◆ **Supplied material**
......
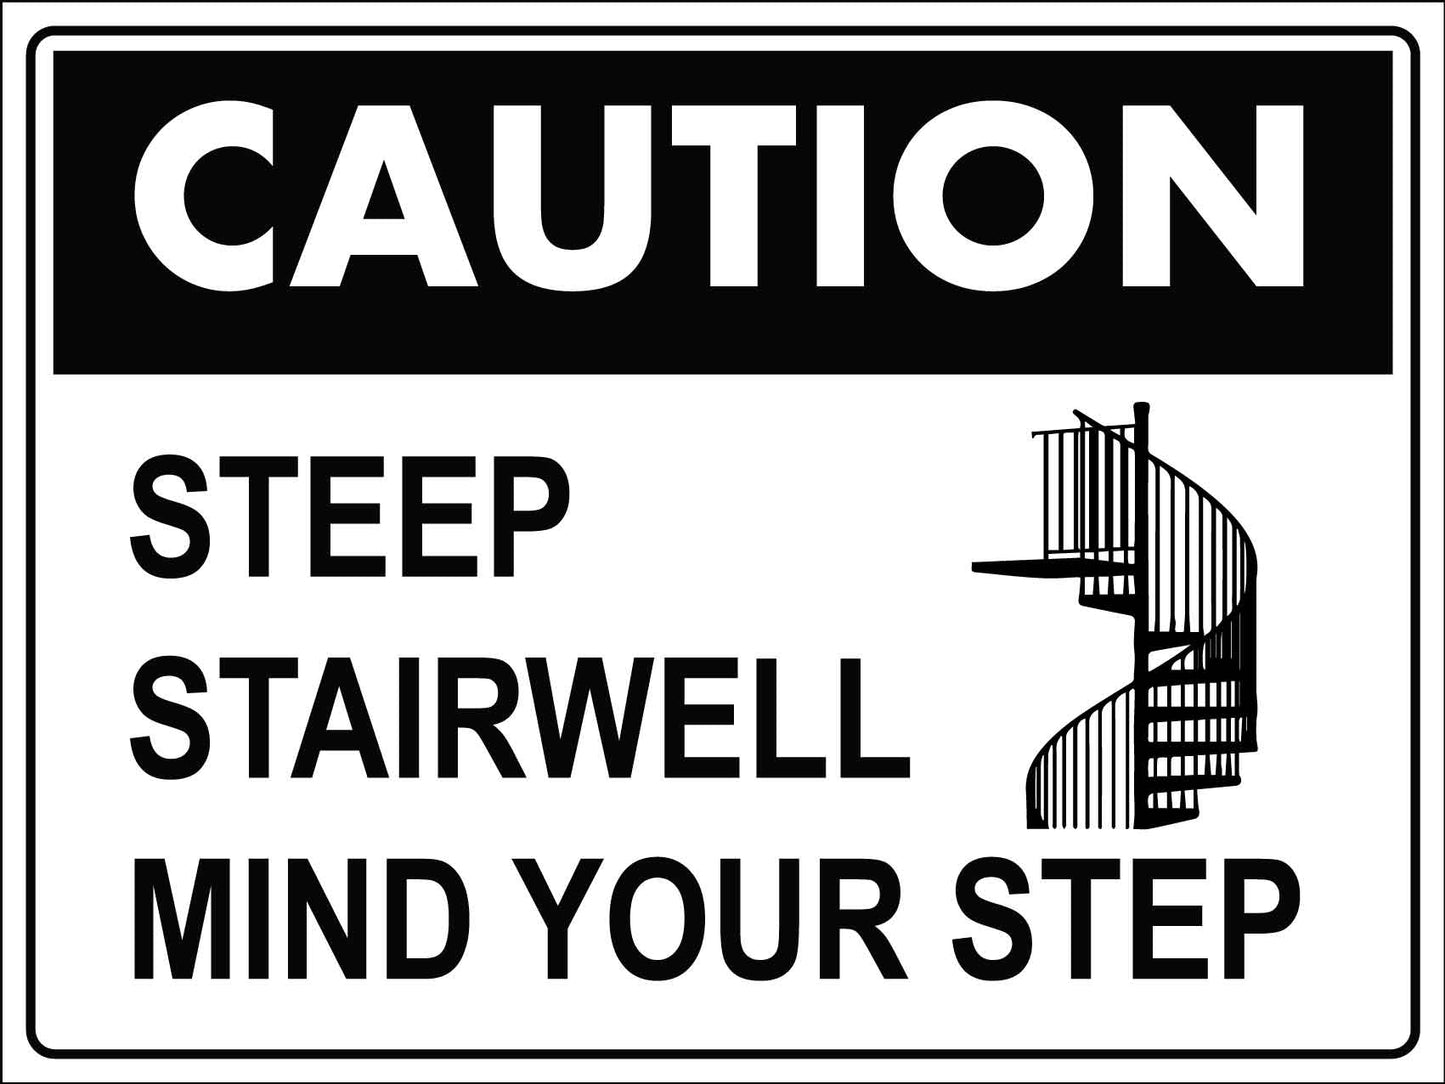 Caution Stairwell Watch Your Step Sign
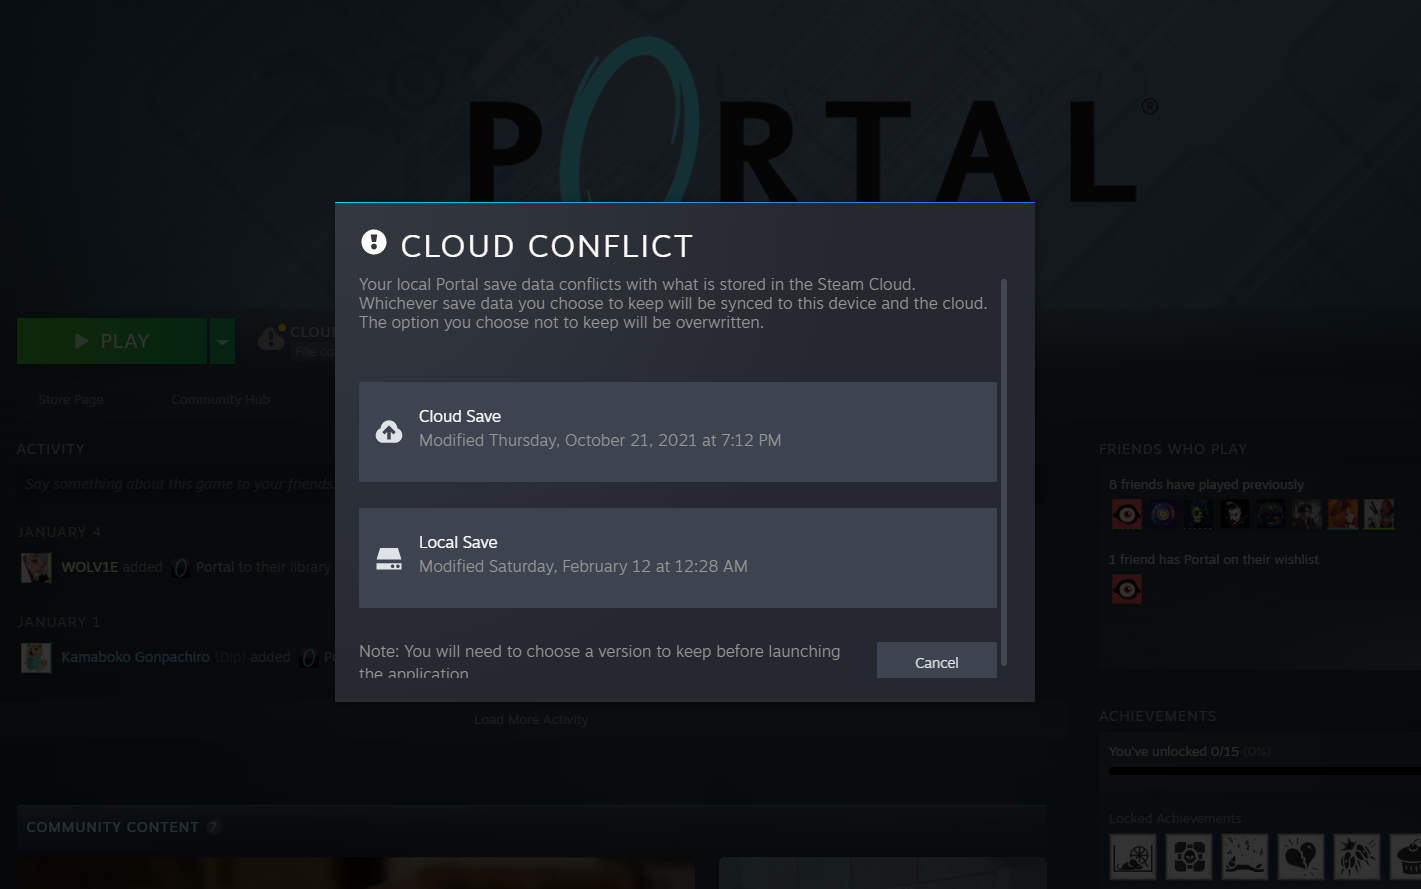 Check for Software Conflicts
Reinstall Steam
......
◆ **Task statement**
All of the data above must be printed exactly, minus its pictures.

◆ **Solved exercise**
 Caution Stairwell Watch Your Step Sign
 Check for Software Conflicts
Reinstall Steam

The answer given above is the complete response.